Груня покраснела. Ей казалось, что ее слушал только один Новопашин. Если бы знала, ни за что не рассказала бы!
Боясь, видимо, налететь на подводу или встречную машину, девушка часто давала продолжительные сигналы, и бор гулко откликался на ее зов, расплескивая в глубине волны эха.
— Эх, как наслушаешься всяких этих историй! Ну, просто замуж выходить не хочется! — проговорила она. — Наскочишь вот на такого — намучаешься.
— Напрасно вы всякие ужасы воображаете, — сказал Новопашин. — Если так рассуждать будете, то, вместо того чтобы жизнь прожить, просуществуете только на свете. Вы же за живого человека выходить будете, узнаете его хорошенько, прежде чем на такой шаг решиться.
— А вот попробуй заберись ему а душу.
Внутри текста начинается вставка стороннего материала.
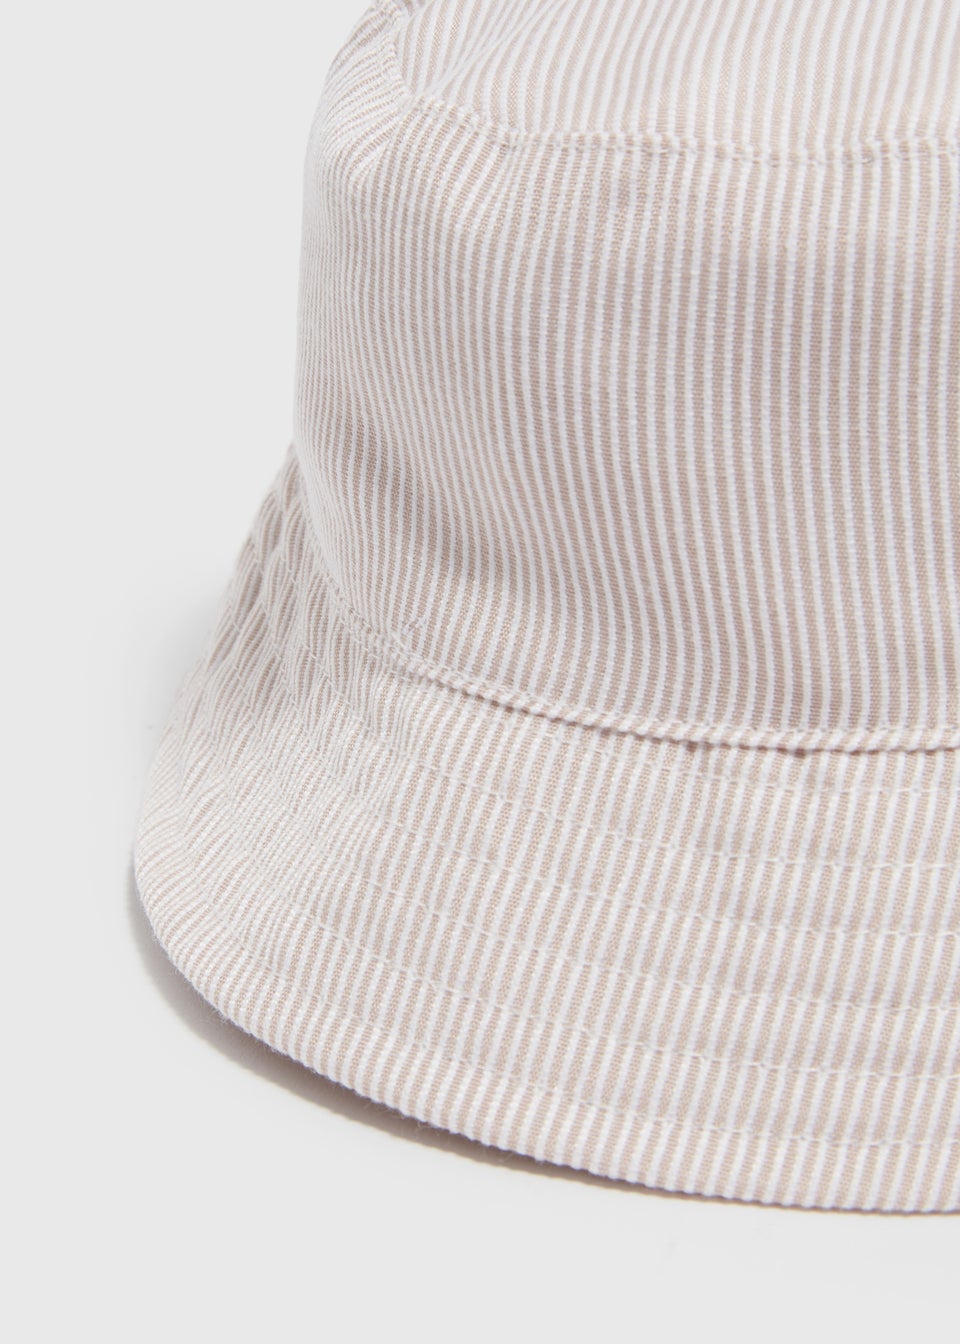 Baby Stone Stripe Bucket Hat (Newborn-24mths)

Как же! — девушка рассмеялась, загорелое скуластенькое лицо ее оживилось. — Вот послушайте, что я вам расскажу…
Она передохнула и, снова вглядываясь в отступающую темень и вспыхивающие в свете кудлатые сосны, тихо начала:
— А случай-то недалекий, в нашем районе, в «Красном факеле». Вы, Алексей Сергеич, наверно, слышали! Ушел та» один тракторист на войну. Ну, жена на его место заступила. Кончила курсы, да и в стахановки выбилась! Чуть не лучшей трактористкой по МТС считалась. Во как! Всю семью на своих плечах держала: пять ребят, мужнину мать, свою да отца-старика. А как кончилась война, вернулся муж. Радуется! Шутка ли, в семье два тракториста! Но в первый же день работы жена дала на пахоте на полнормы больше. Тут он в амбицию ударился: как, чтоб меня, фронтовика, своя жена обставляла? Не позволю! И давай упрашивать ее: работай, мол, полегче. Разводом грозился. А жена ни в какую! «Я, — говорит, — ради твоего гонора хуже работать не буду, хоть ты надвое переломись! Хочешь, тянись до меня, догоняй, а на пятки себе наступать я тоже не позволю!» И давай на целую норму выше его вырабатывать. Муж около месяца хорохорился, свой характер показывал, а под конец, видно, понял: ничего не выйдет. Жену он любил крепко. Мать родная, и та против него восстала. Ну, и смирил свою гордость, пошел к жене на выучку. Теперь, слышно, вровень работают.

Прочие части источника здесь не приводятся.